By playing with the parameters, you can get different results. A maximum cut size of 3, for instance, would result in many more bays getting carved out from the main seas, and sea #1 would get subdivided in half north and south. A minimum sea size of 20 would result in the central sea getting divided in half as well.

• seems powerful. definitely thought inducing. – v.oddou Dec 17 '14 at 1:35
• Thank you so much for this post. I managed to get something reasonable from your example – Kaelan Cooter Jun 19 '15 at 21:13

A quick and dirty way to identify a separate but connected body of water would be to shrink all water bodies and see if gaps appear.

In the example above I think that removing all water tiles which have 2 or less water tiles connected to them (marked red) would provide you with the desirable result plus some edge noise. After you have labeled the bodies, you can "flow" the water to its original state and reclaim the removed tiles for the now separate bodies.

Again, this is a quick and dirty solution, it might not be good enough for the later stages of production but it will suffice to "get this working for now" and move on to some other feature.

Here's a complete algorithm that I think should produce good results.

1. Perform morphological erosion on the water area — that is, make a copy of the map on which each tile is considered water only if it and all of of its neighbors (or a larger area, if you have rivers wider than one tile) are water.
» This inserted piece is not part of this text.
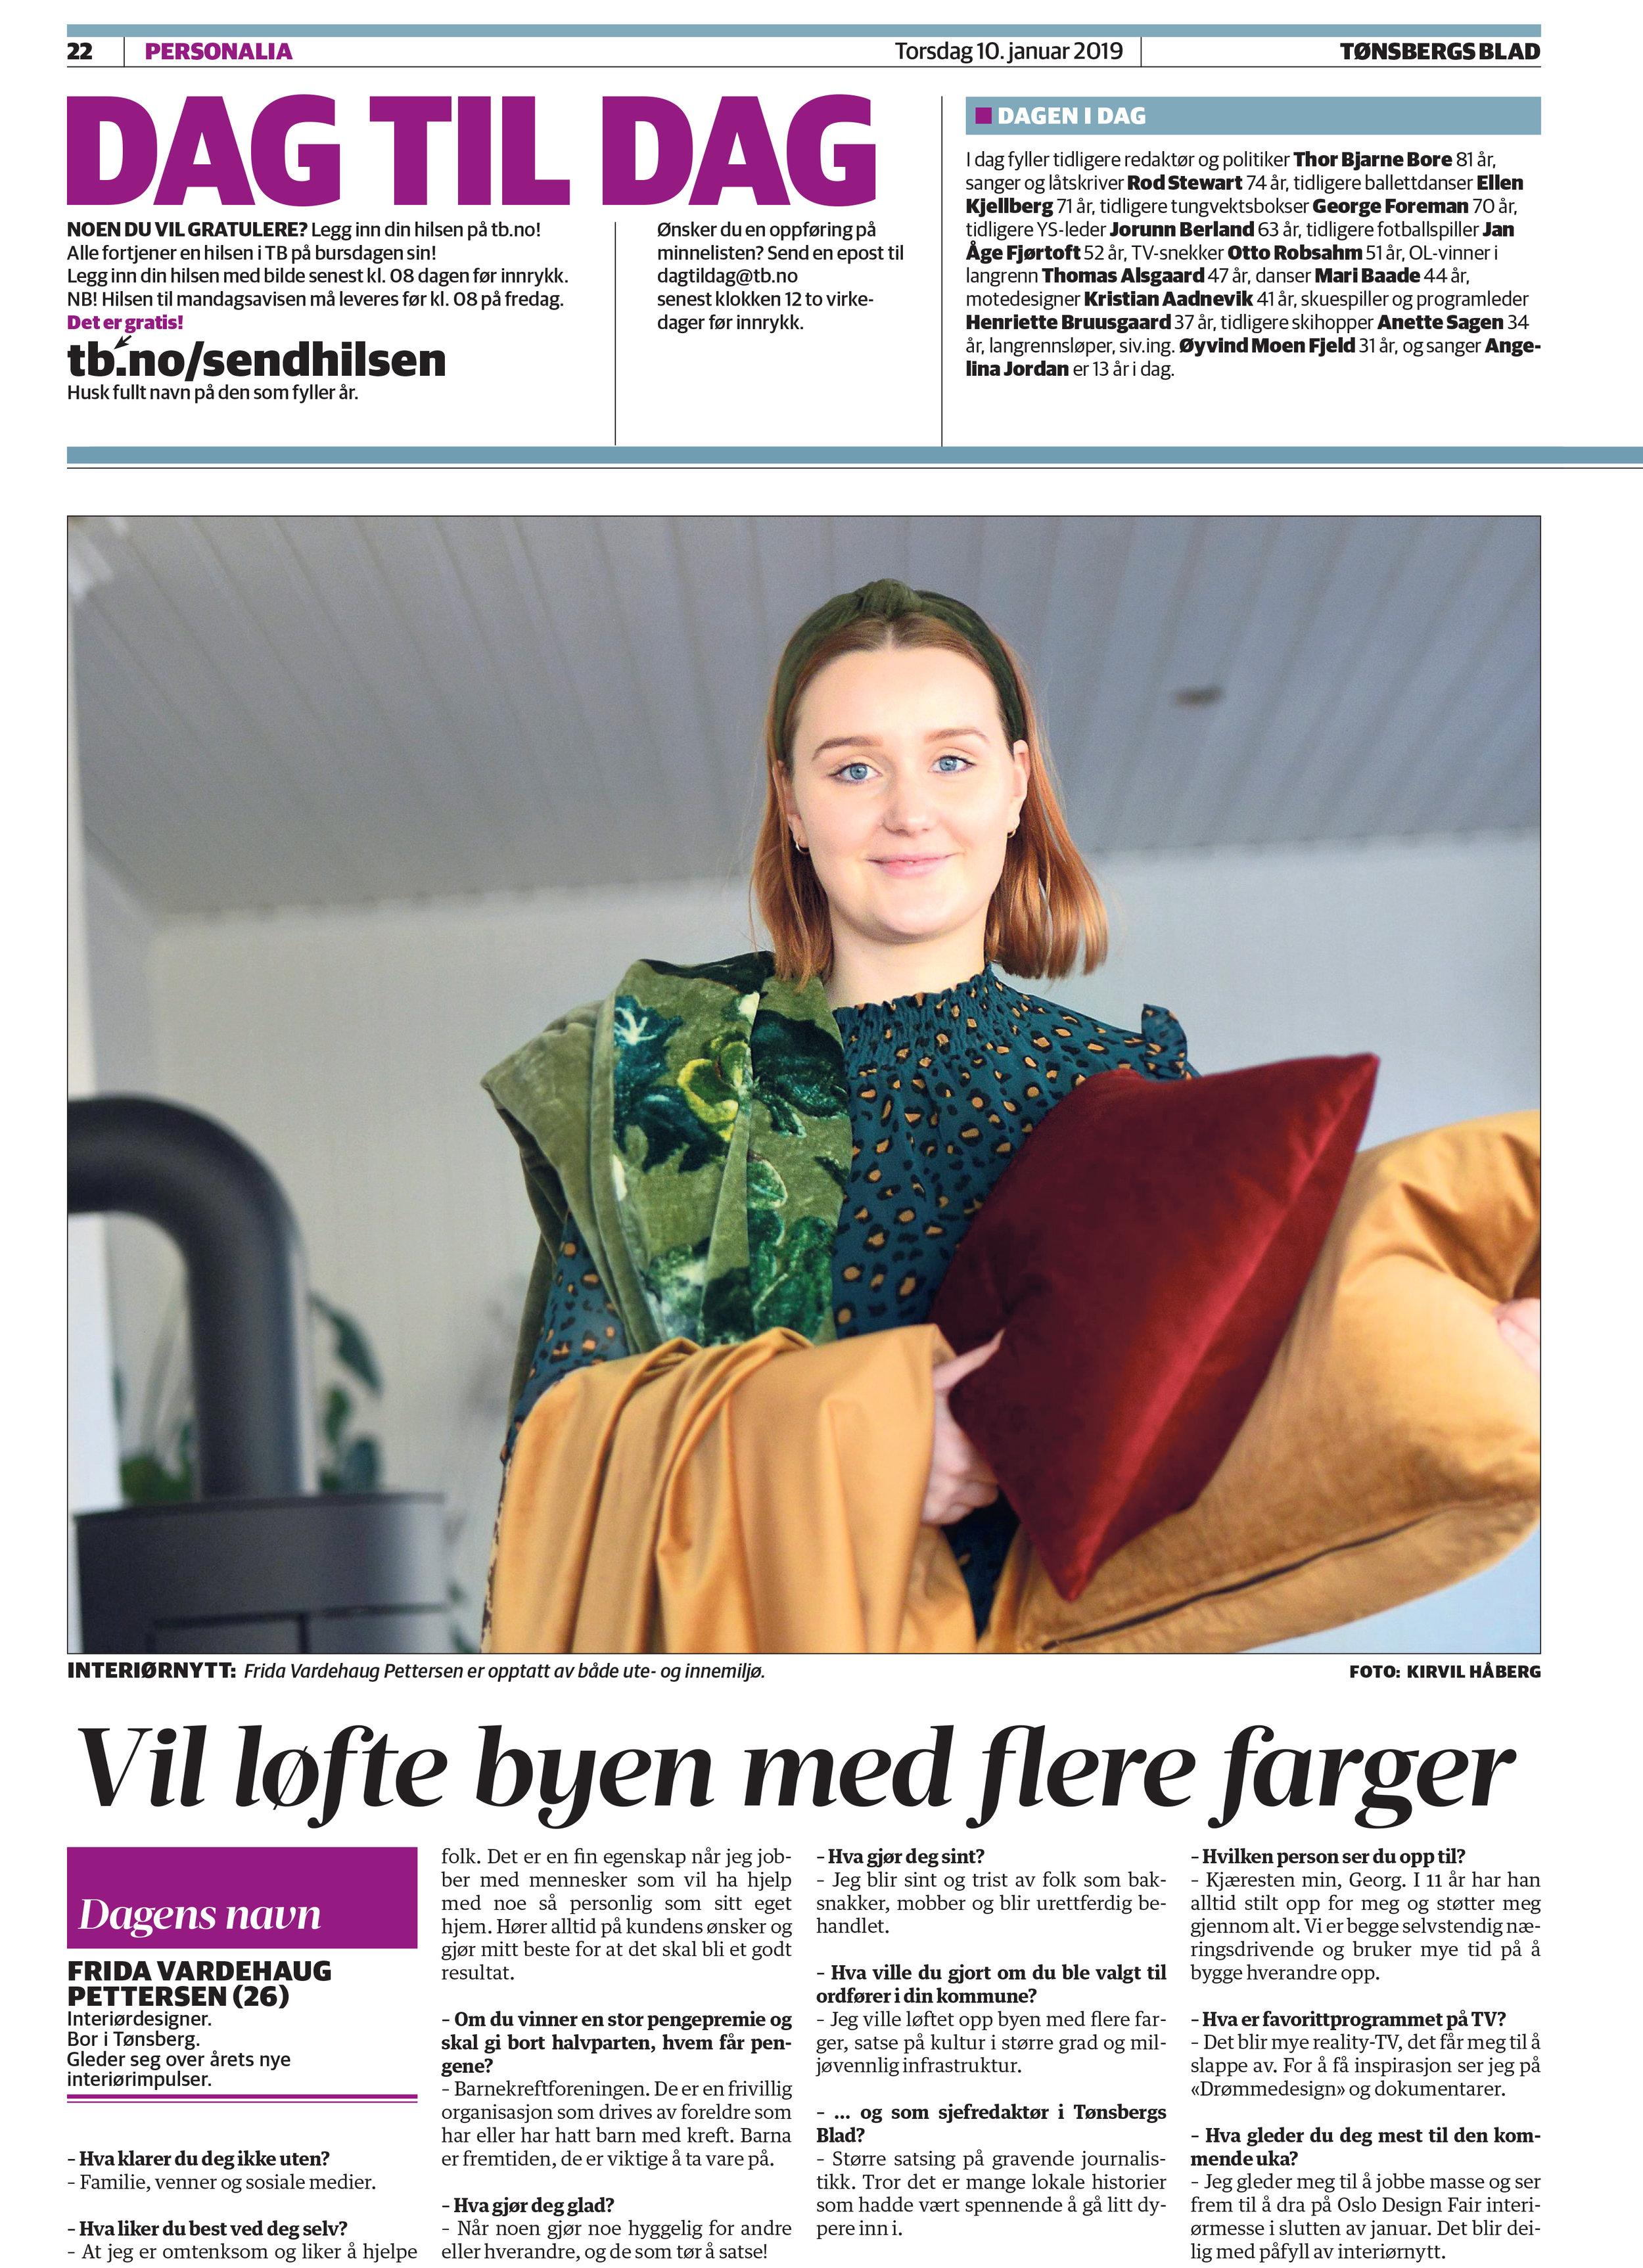 2019-01-10_Toensbergs_Blad_-_10-01-2019_print.jpg

This will result in all rivers disappearing entirely.

(This will consider the islanded water in the left part of your inland sea to be rivers. If this is a problem, you could use a different rule such as the one vrinek's answer proposes instead; the following steps will still work as long as you have some kind of “delete rivers” step here.)
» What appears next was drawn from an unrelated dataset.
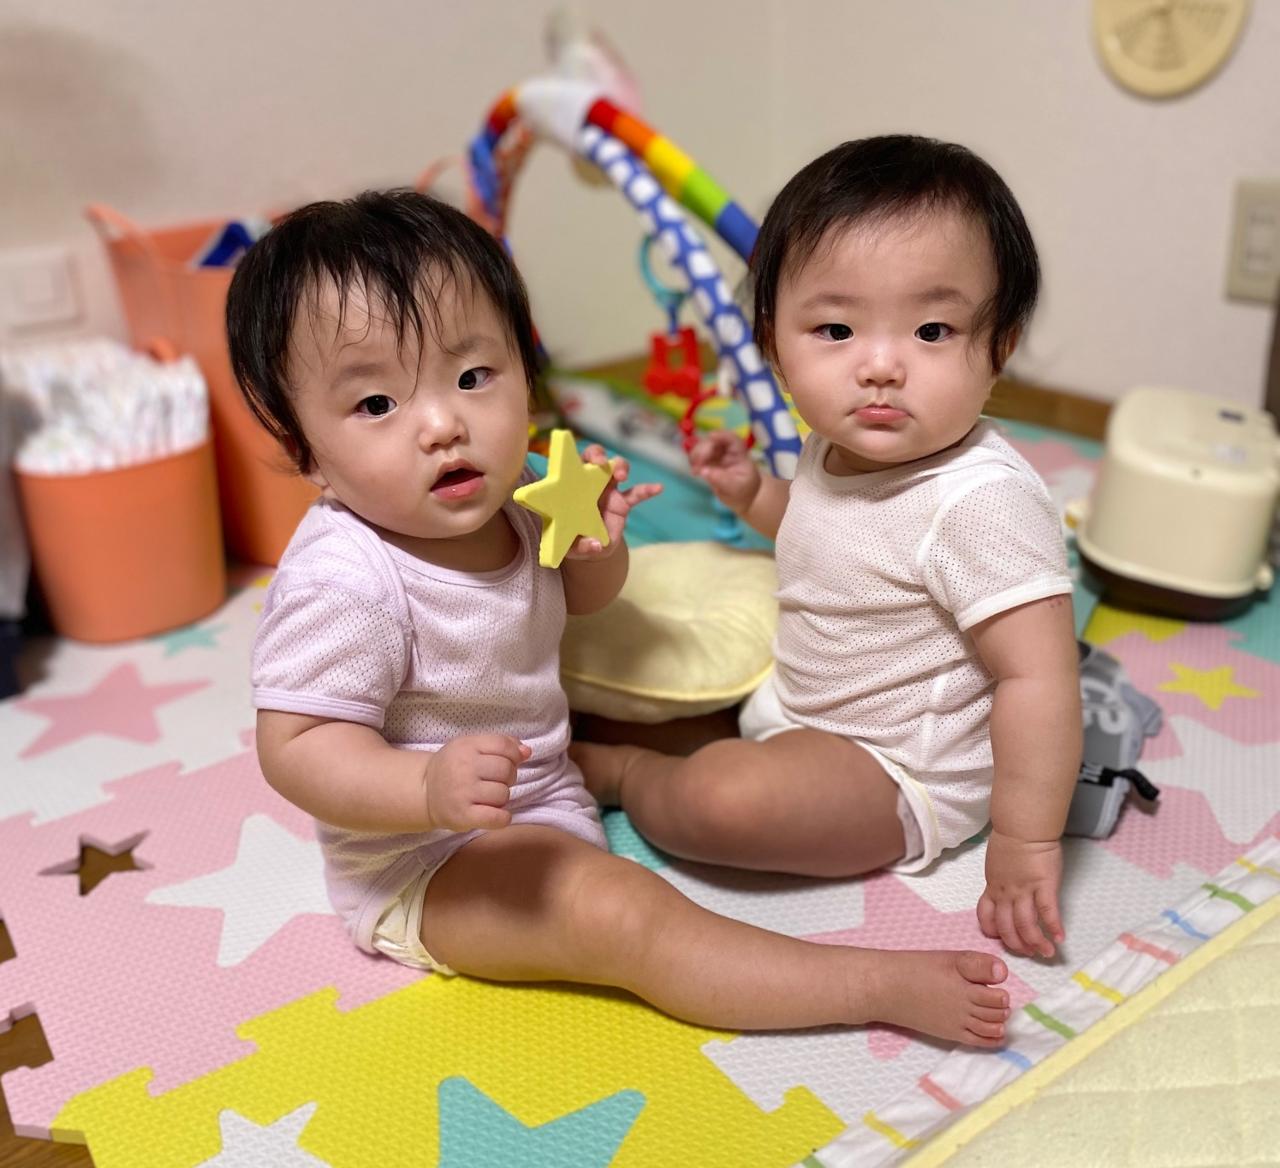 """多胎児の赤ちゃんは早産で小さく生むケースが多いが、単胎で生まれた子どもたちとの体格差は1歳くらいまでに急速に縮む。  <small class=""""font-small"""">写真:松倉和華子</small>"""
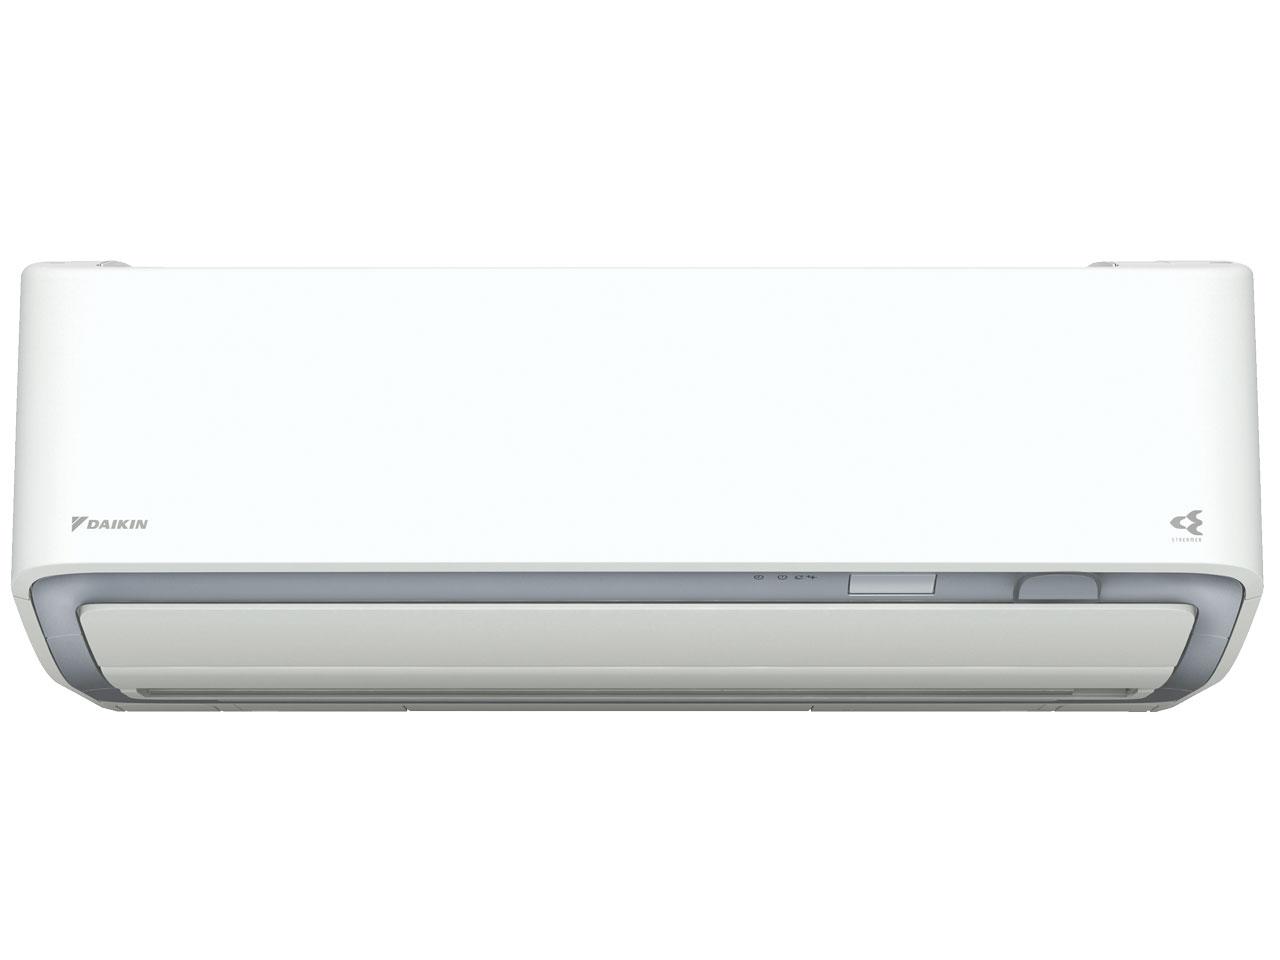 ダイキン 19年モデル DXシリーズ S63WTDXP-W 【200V用】20畳用冷暖房除湿エアコン

2. Find the connected water components of the eroded map and give each one a unique label. (I assume you already know how to do this.) This now labels everything but rivers and shore water (where the erosion had an effect).
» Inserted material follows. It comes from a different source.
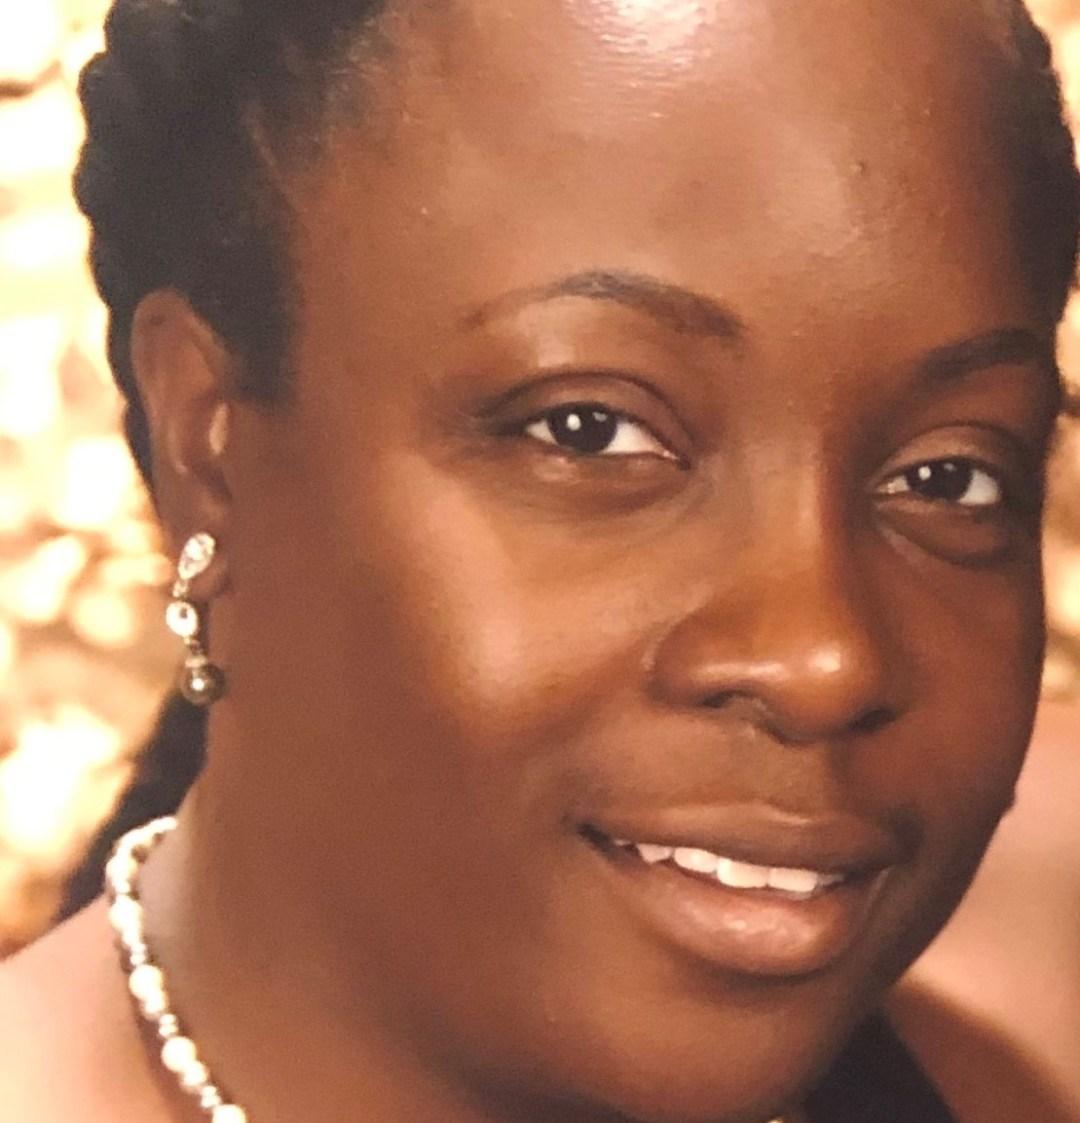 Gbemi Acholonu

3. For each water tile in the original map, find the labels present on neighboring water tiles in the eroded map and then:

• If the tile itself has a label in the eroded map, then it is mid-sea water; give it that label in the original map.
• If you find only one distinct neighboring label, then it is shore or river mouth; give it that label.
• If you find no labels, then it is a river; leave it alone.
• If you find multiple labels, then it is a short bottleneck between two larger bodies; you might want either to consider it like a river, or to combine the two bodies under a single label.

(Note that for this step you must keep separate grids of labels (or have two label fields in one structure) for the eroded map (that you read from) and the original (that you write to), or there'll be iteration-order-dependent errors.)

4. If you want to label individual rivers uniquely too, then after the above steps, find all remaining connected components of unlabeled-water and label them.

Following on vrinek's idea, how about growing the land (or shrinking the water) so parts you would originally be connected would be disconnected after the land is grown?

This could be done like so:

1. Define how much do you want to grow the land: 1 hex? 2 hexes? This value is n

2. Visit all land nodes, and set all their neighbors up to depth n to land nodes (write to a copy, as to not get an infinite loop)

3. Run your original floodfill algorithm again to determine what is now connected and what is not

Do you have an rough idea of where the gulf is? If so, you can modify your flood fill to track the number of neighbouring but unexplored cells (along with a list of visited cells). It starts with 6 in a hex map and whenever that value drops below a certain point, then you know you are hitting a "opening".